Fogo Island is making strides in promoting ocean sustainability, with its New Ocean Ethic plan now in its sixth year.
Created in 2008, New Ocean Ethic is a series of projects that explores new ways to care for the health of the ocean and protect the welfare of those whose lives are linked to the sea. It is a component of the Shorefast Foundation, a charity that aims to revitalize Fogo Island by turning it into a world-leading geotourism destination.
“The biggest asset that Fogo Island has is the ocean,” said Gordon Slade, chairman and ocean adviser for the Shorefast Foundation.
“We know that the health of the ocean is in peril in certain places. The question becomes, what can we do at a community level? People look at it and say, ‘Well, it’s so big. What can I do?’ Well, everyone can do something, and if everybody did something, something good would happen. And that’s the philosophy behind all of this.”
The New Ocean Ethic has 11 main objectives, including creating a Fogo Island Ocean Atlas, opening an Ocean Literacy Centre, collecting cultural stories and songs about the sea, and developing a national ocean lecture series.

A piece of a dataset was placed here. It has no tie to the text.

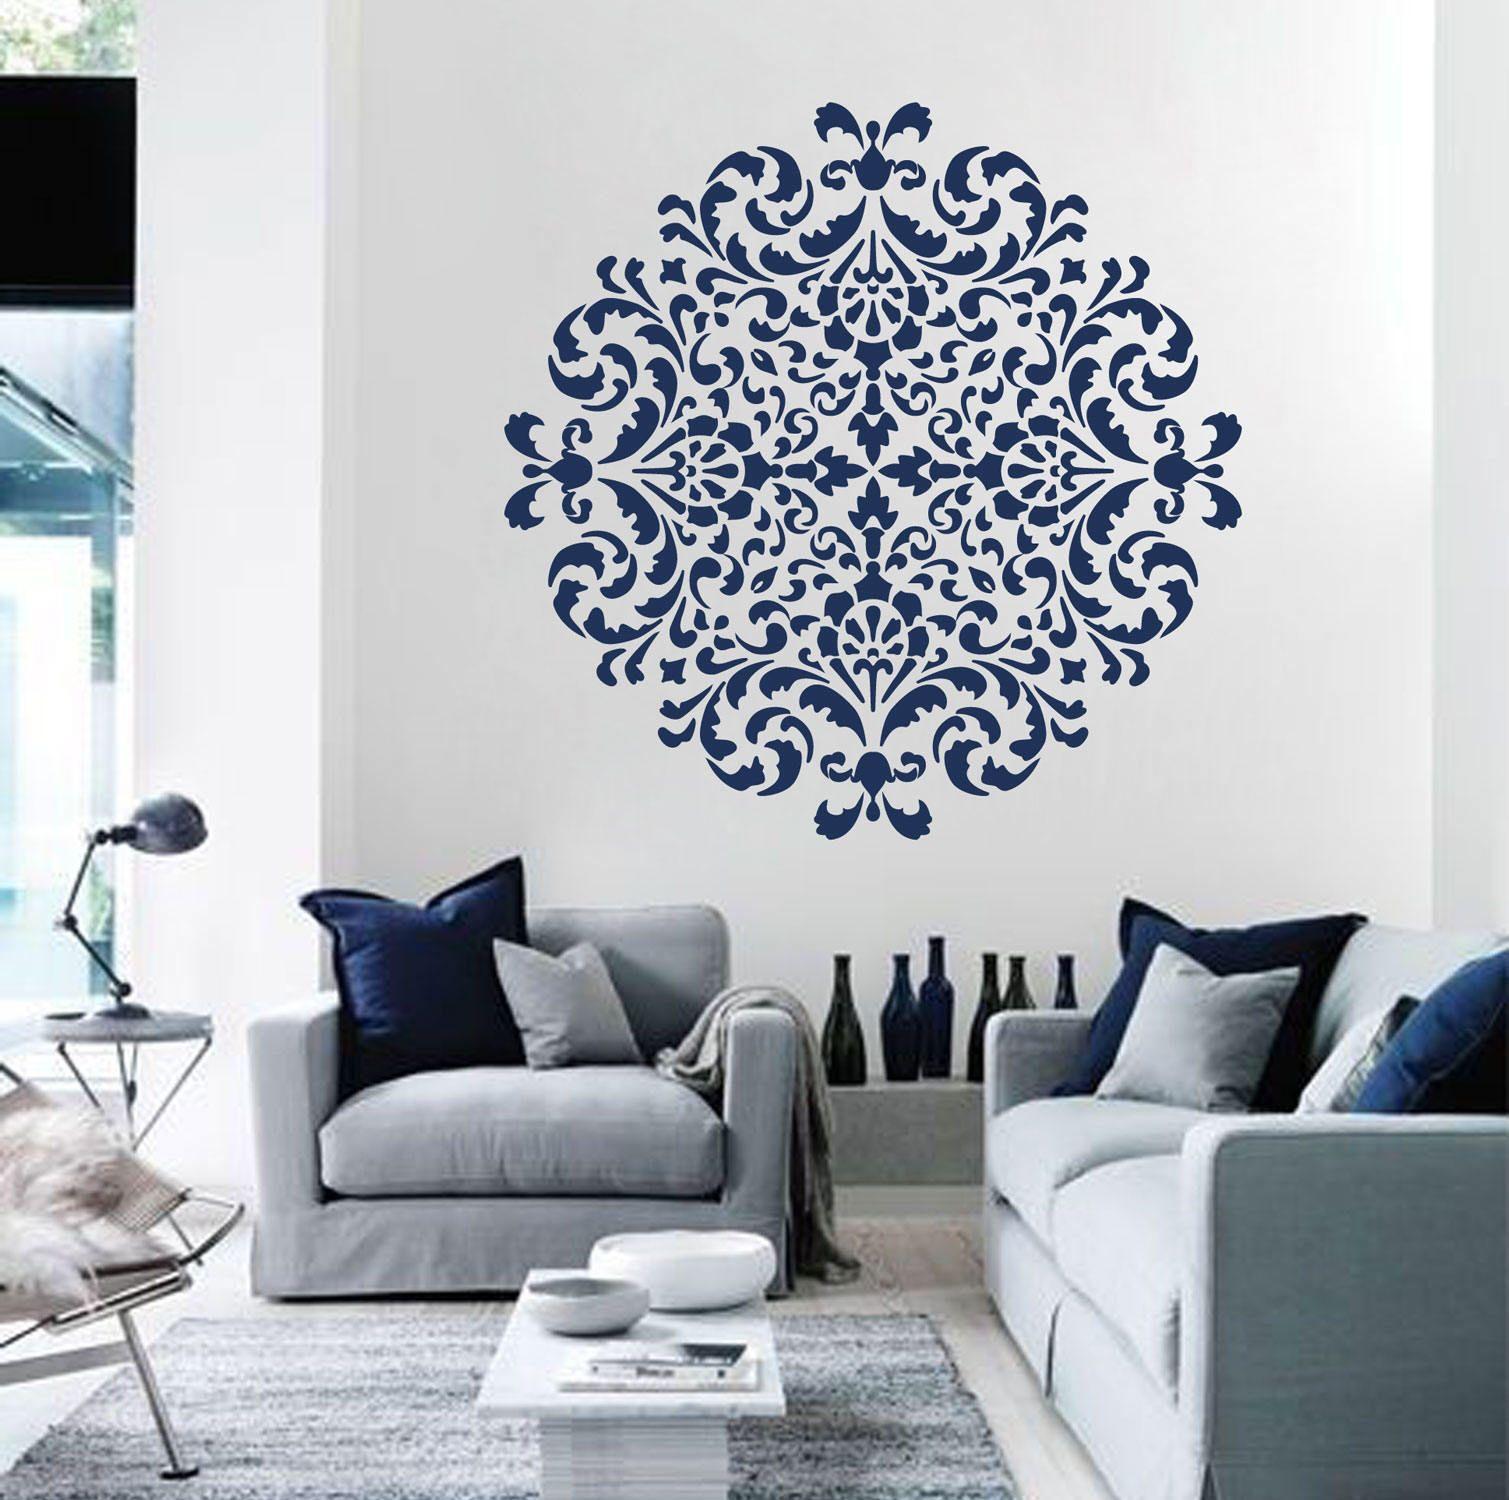 Mandala Moroccan Stencil Moroccan Pattern For Diy Wall Decor Etsy Modern Wall Decor Stencils Wall Moroccan Stencil #wall #stencils #for #living #room

One component of the initiative is cod potting — a method for harvesting cod that produces a high-quality product with a low environmental impact. Instead of trawling a net across the ocean floor, causing damage to the ocean bottom and unnecessarily capturing other fish species, cod pots — large, baited mesh cages — are placed on the bottom of the ocean.
While cod become trapped in the cage, smaller fish can swim out through the mesh. The cod are then brought out of the ocean alive, and anything that is not cod can be released back into the water.

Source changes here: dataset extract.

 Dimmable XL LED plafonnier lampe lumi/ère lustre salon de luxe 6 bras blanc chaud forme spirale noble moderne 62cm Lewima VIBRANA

“It is the best way to get the best quality of fish, and also the best way to sustain the ecosystem for future generations,” said Slade.
Five fishermen in Fogo Island currently use the cod-potting method, although Slade says he hopes more will follow in the coming years. Several upscale restaurants now exclusively purchase cod caught with this method, including Bacalao Restaurant, Blue on Water and the Sheraton Hotel.

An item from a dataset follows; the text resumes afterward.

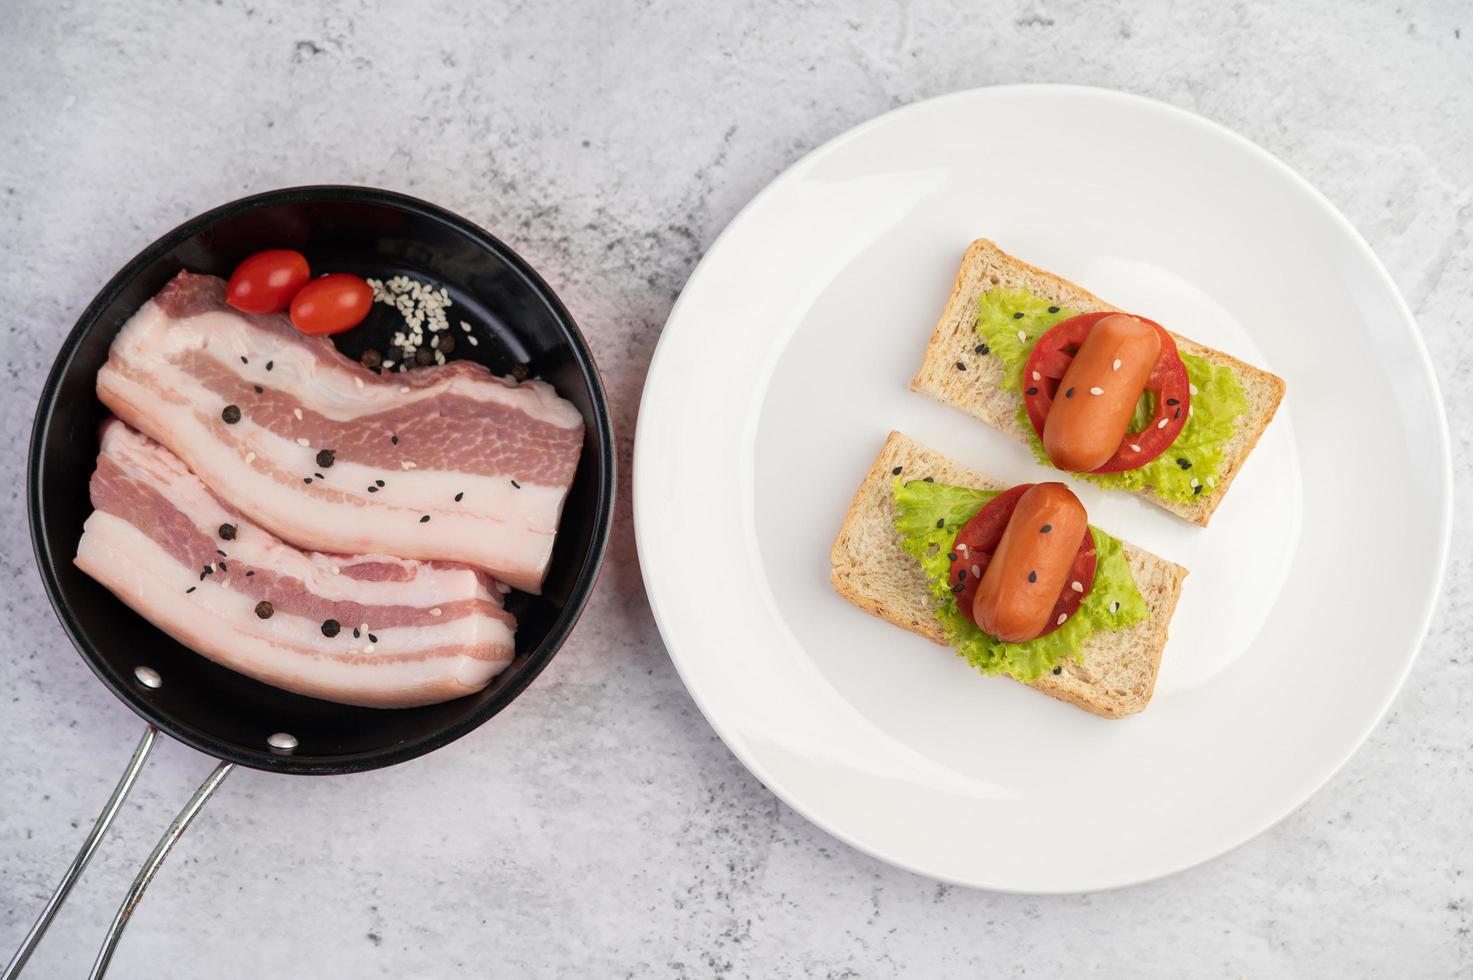 pancetta di maiale in padella con semi di pepe, pomodori e spezie foto

“People today, chefs in restaurants, in particular, are much more interested and knowledgeable in where the fish is coming from,” said Slade.
“So the cod we produce in the cod pot, you know exactly where it’s coming from, you know exactly who caught it, you know exactly how it’s handled.”
Citizen science is another critical part of New Ocean Ethic.
That project encourages community-wide information collection and sharing, especially among local fishers.
“There’s a view round that only the scientists are the ones that collect data of any value, and that’s not true. Fishermen, when they’re going out on their daily activity, they observe all sorts of things,” said Slade.
“Citizen science is collecting all of that data and that’s going to go into a databank.”
One of the new initiatives for 2014 is eliminating the use of plastic shopping bags and continuing a beach cleanup project that began in 2013.
“The No. 1 thing this project promotes is a greater understanding of the oceans themselves so people can take greater responsibility,” said Slade.
“Everybody has a role to play, and what I’m hoping is that over time, people will see on Fogo island that the people themselves don’t need all this regulation. They understand the value of the species, they understand the ocean, and therefore they’ll do a lot more themselves. That’s the way it should be.”
Slade hopes Fogo Island will become a model for communities around the world.
“I hope at the end of the day that Fogo Island and Change Islands will be seen as places in the world that are doing something different and are taking a greater role in responsibility for their inshore fishing grounds.”